South America Calling

Argentina Still Moisture-Starved

Mike Palmerino
By  Mike Palmerino , DTN Senior Ag Meteorologist
Mid-month February is the southern hemisphere equivalent of August -- and exhausting dryness dominated Argentina. (USDA Crop Explorer graphic)

The dry pattern that became established in central Argentina during the past few weeks continues to intensify.

This dryness is coming during the major filling period for corn and soybeans. Crops will remain quite vulnerable to dryness through mid-March. With no significant rain in sight, additional crop losses are expected.

Temperatures have been variable with several days of hot weather followed by several days of cooler weather. We expect to see a return to hot weather during the next seven days adding to the stressful conditions.

The drought conditions in central Argentina are likely due to La Nina. Sea surface temperature departure for the equatorial eastern Pacific has remained at minus 0.7 degrees Celsius for the last month. However, we have noticed in the past couple of weeks that the coolest sea surface temperatures have shifted back to the west, away from the South American coast. Since this has occurred, drought conditions in central Argentina have intensified.

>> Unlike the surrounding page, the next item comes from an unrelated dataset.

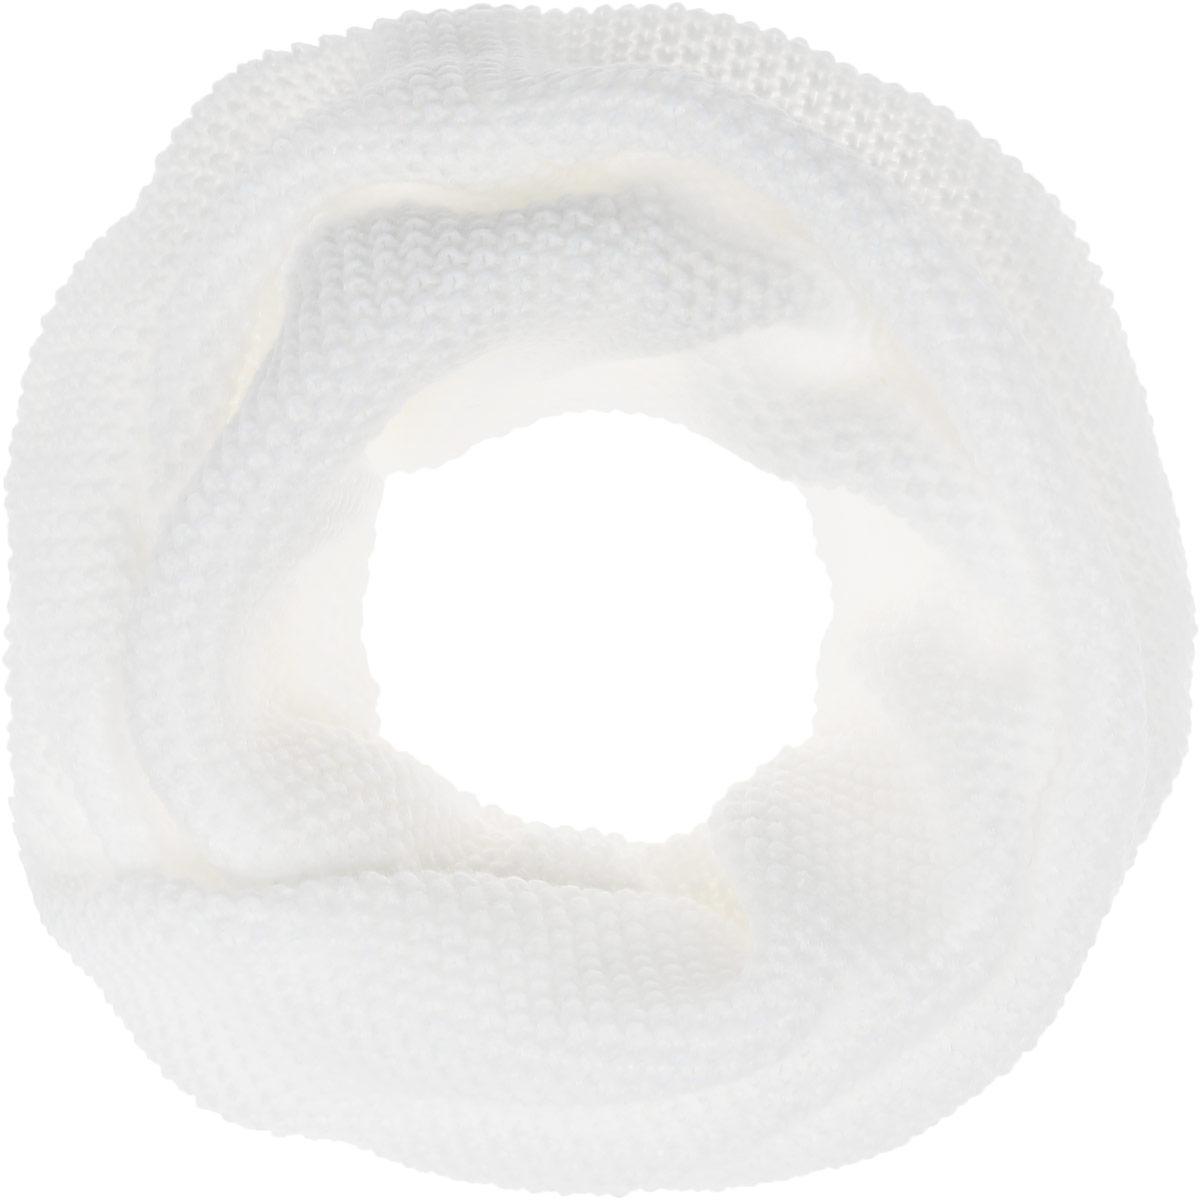 Снуд-хомут женский Baon, цвет: молочный. B337. Размер 80 см х 62 смB337_MILKЖенский вязаный снуд-хомут Baon выполнен из шерсти и акрила. Модель связана кольцом, сужается сзади и красиво драпируется спереди, имитируя шейный платок.

Meanwhile, the rainy season continues in central Brazil, which is also likely related to La Nina. This has kept the soybean harvest slow, along with the planting of second-crop corn (safrinha). There have been some concerns that the optimal planting window for the safrinha corn is closing fast. However, if the rainy season extends further into the southern hemisphere autumn season -- which it appears it might -- soil moisture will be available, making optimal planting dates less important this year.